DATA BELOW:
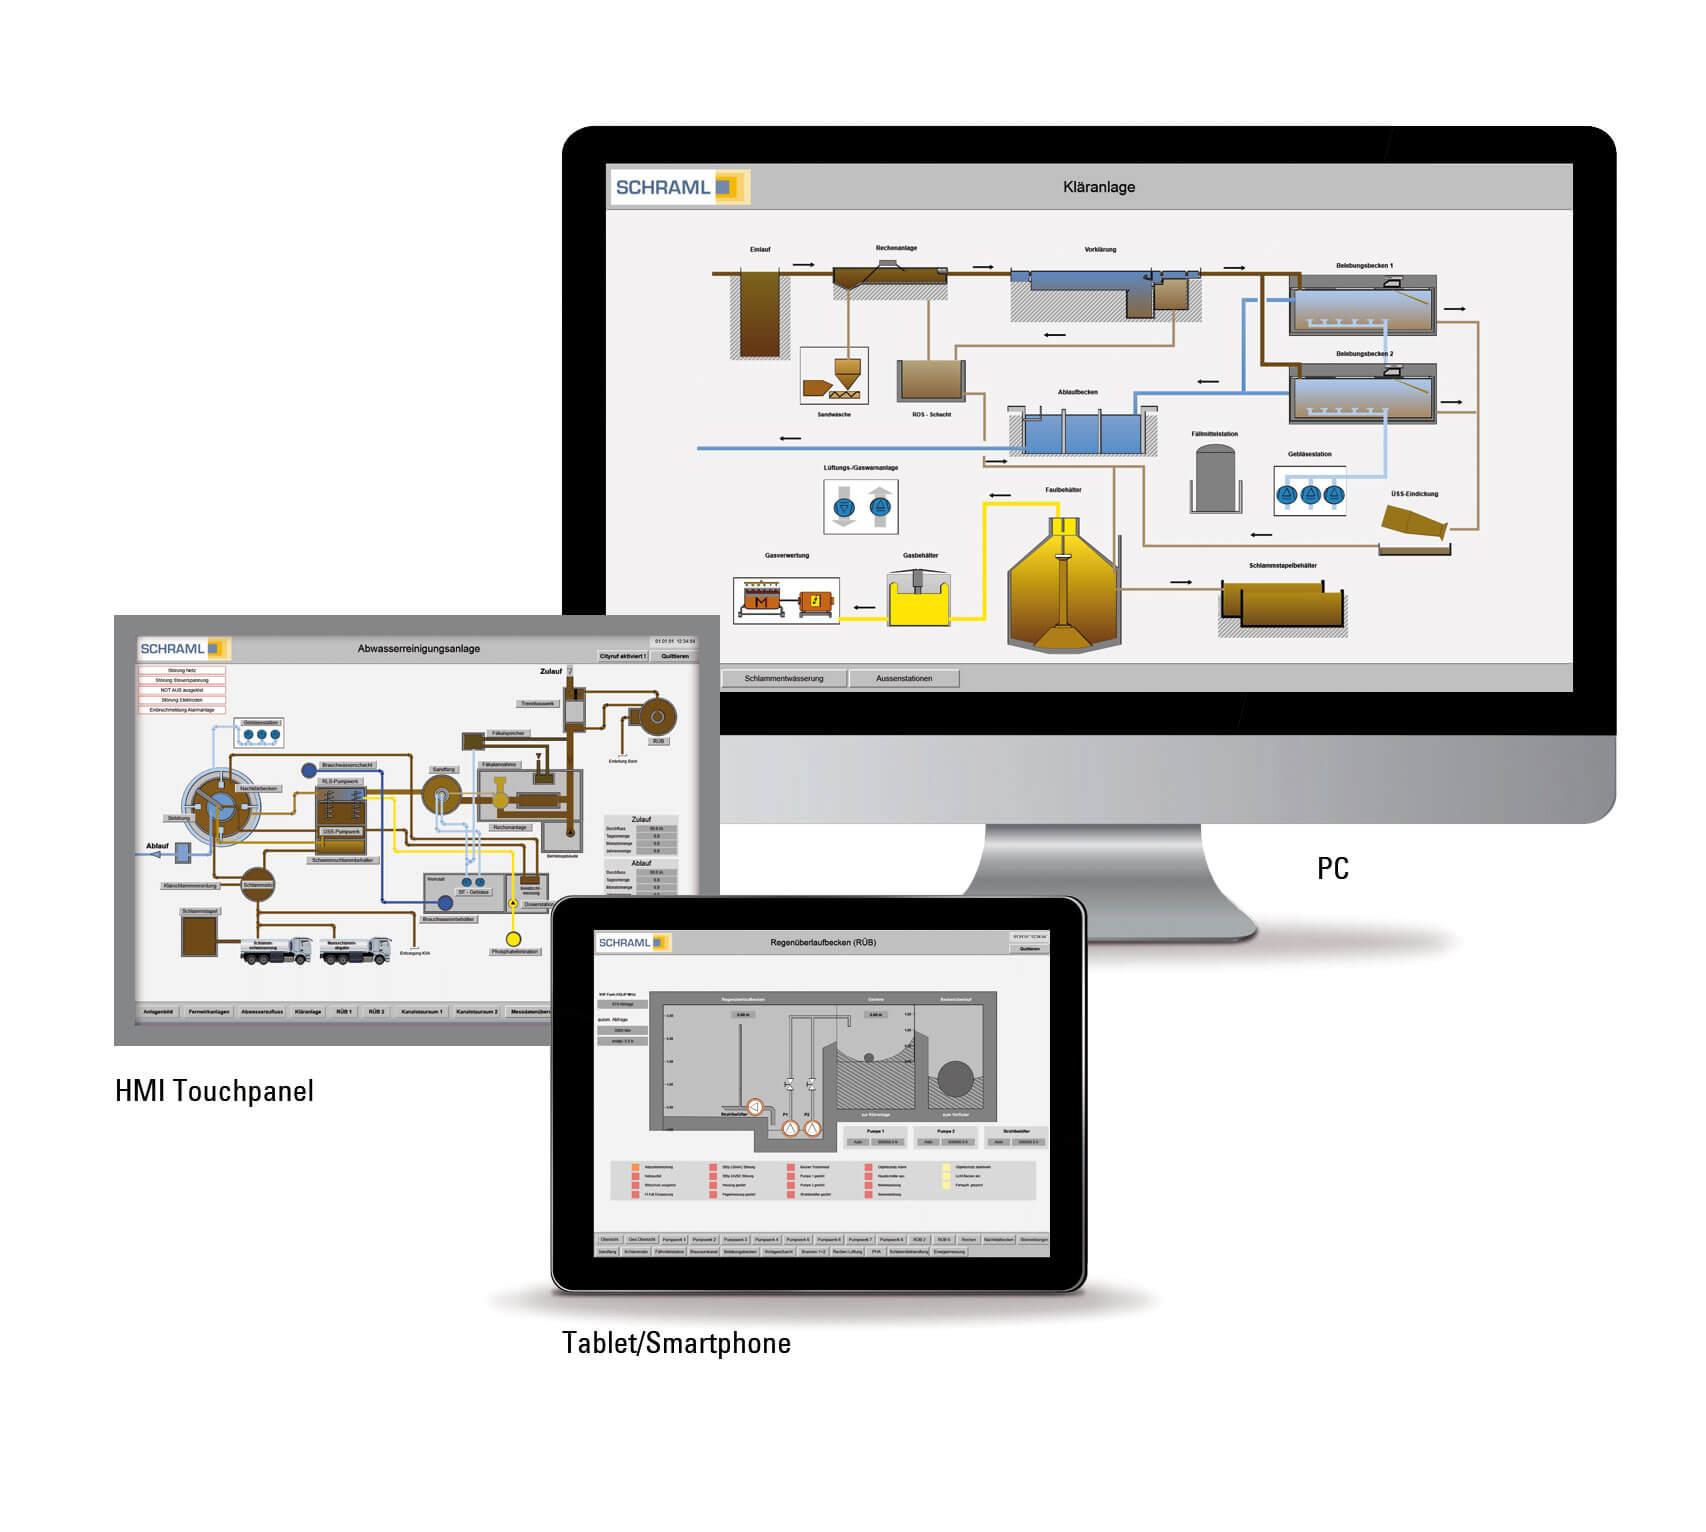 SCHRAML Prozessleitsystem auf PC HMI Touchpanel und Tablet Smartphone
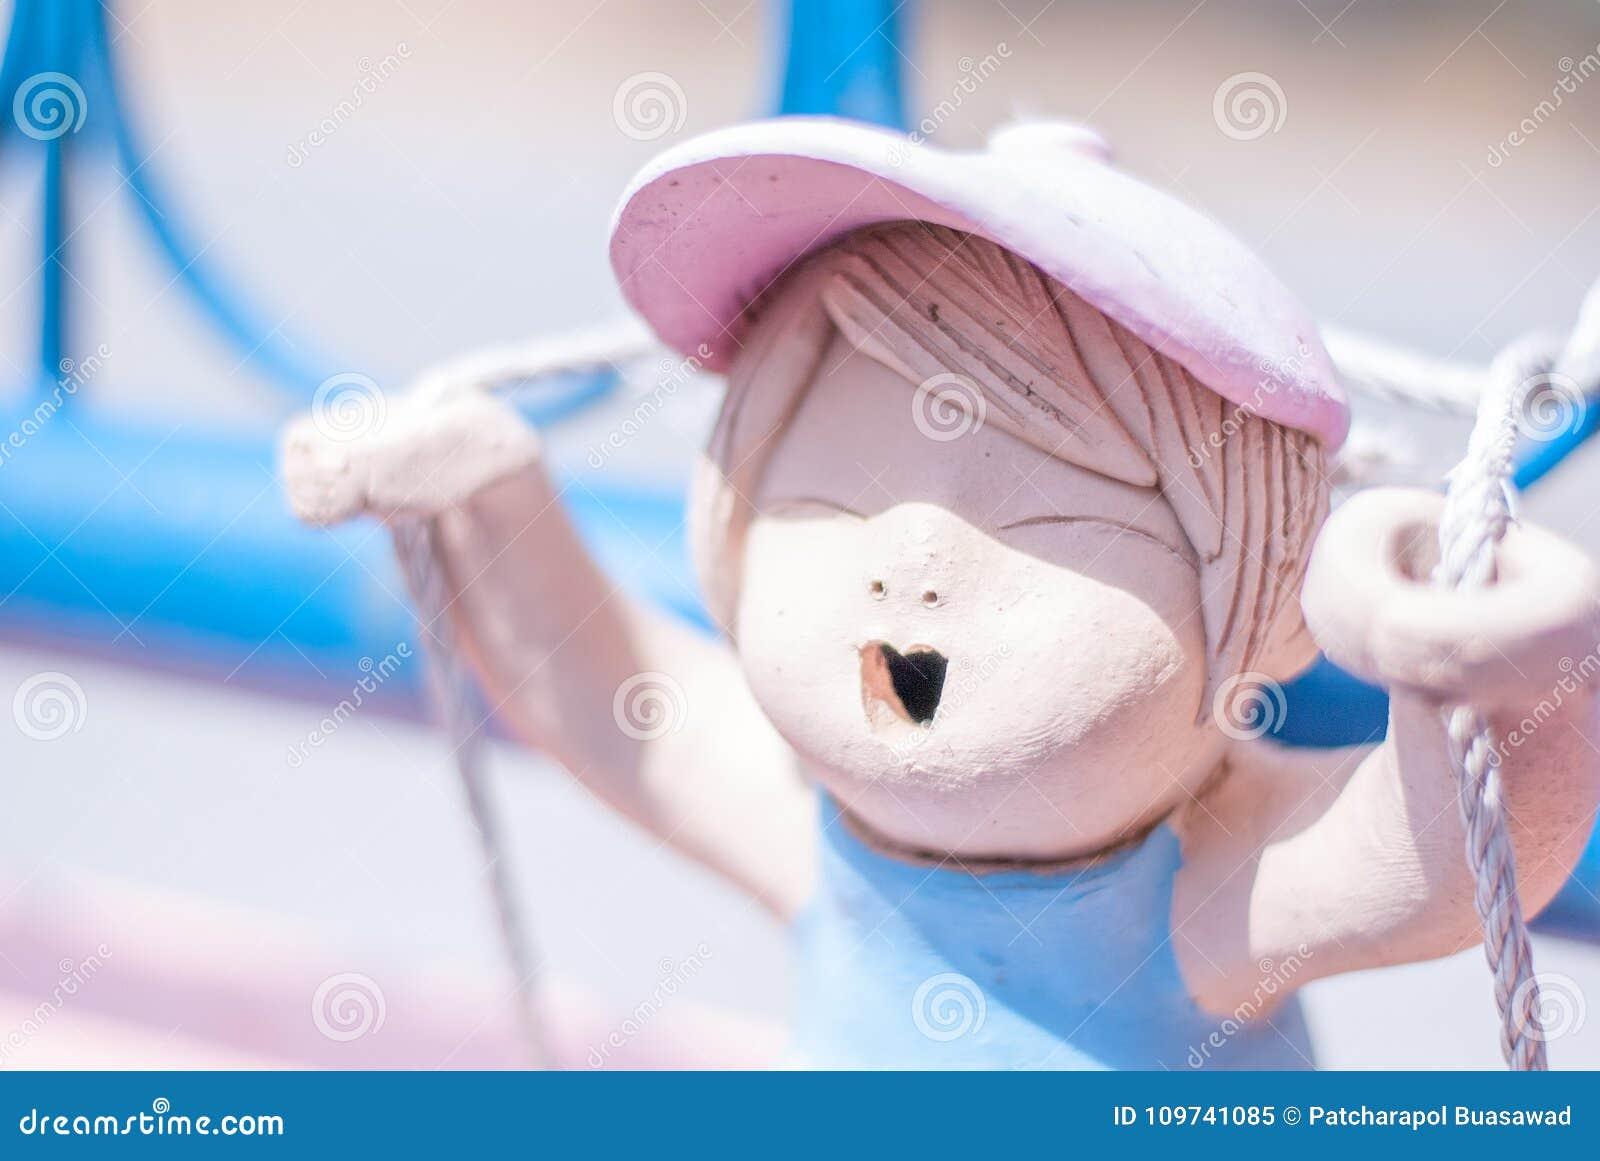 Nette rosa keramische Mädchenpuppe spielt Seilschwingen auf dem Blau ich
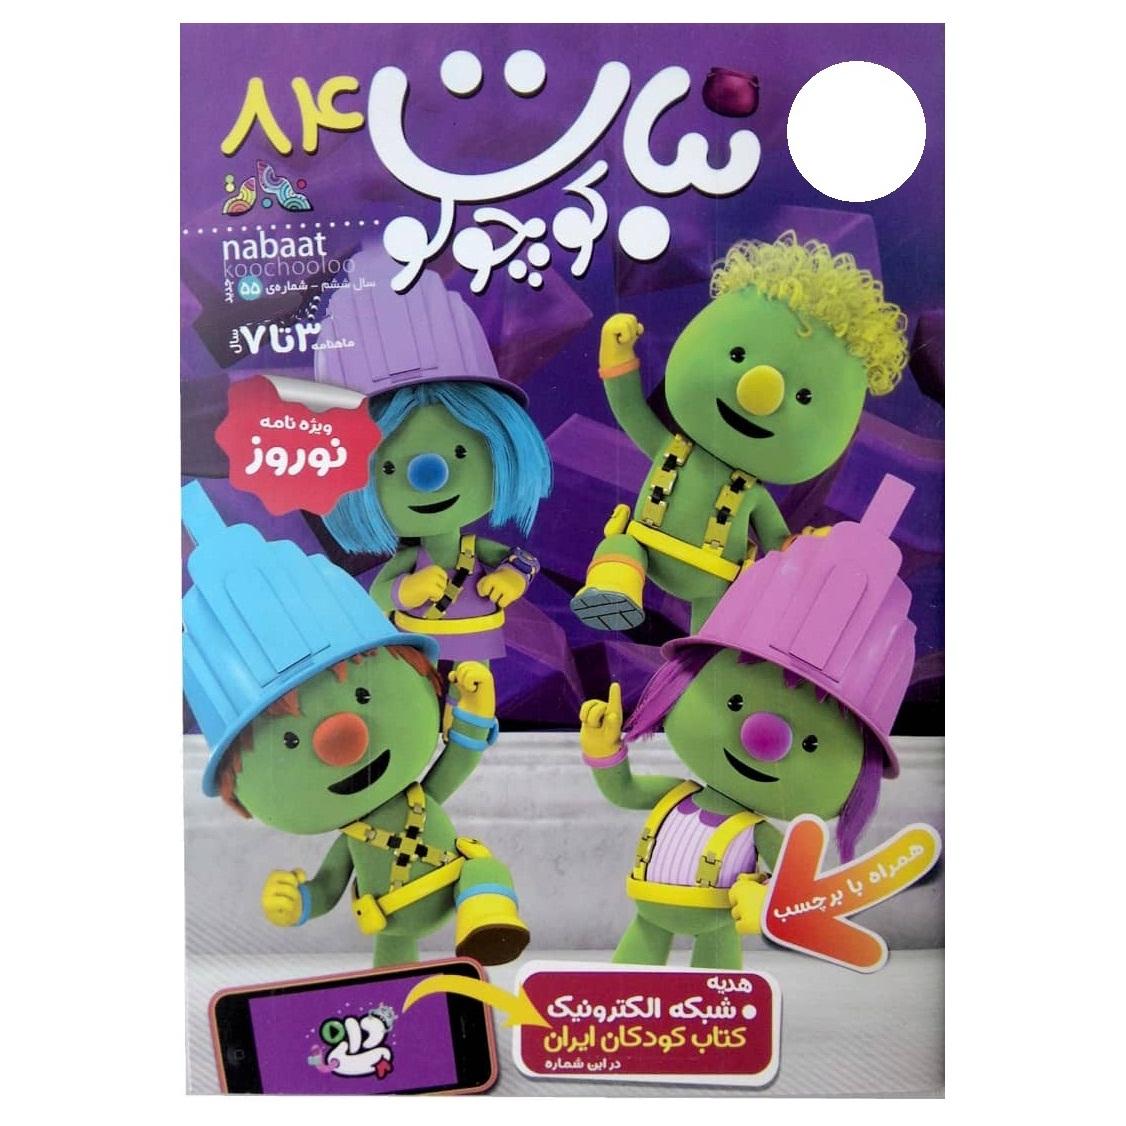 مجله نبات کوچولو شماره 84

THE TASK: Nothing but the lines from the one that contains "Nette rosa keramische" through the end of the material above is to be reproduced, exactly and without pictures.

RESULT OF THE EXERCISE:
 Nette rosa keramische Mädchenpuppe spielt Seilschwingen auf dem Blau ich
 مجله نبات کوچولو شماره 84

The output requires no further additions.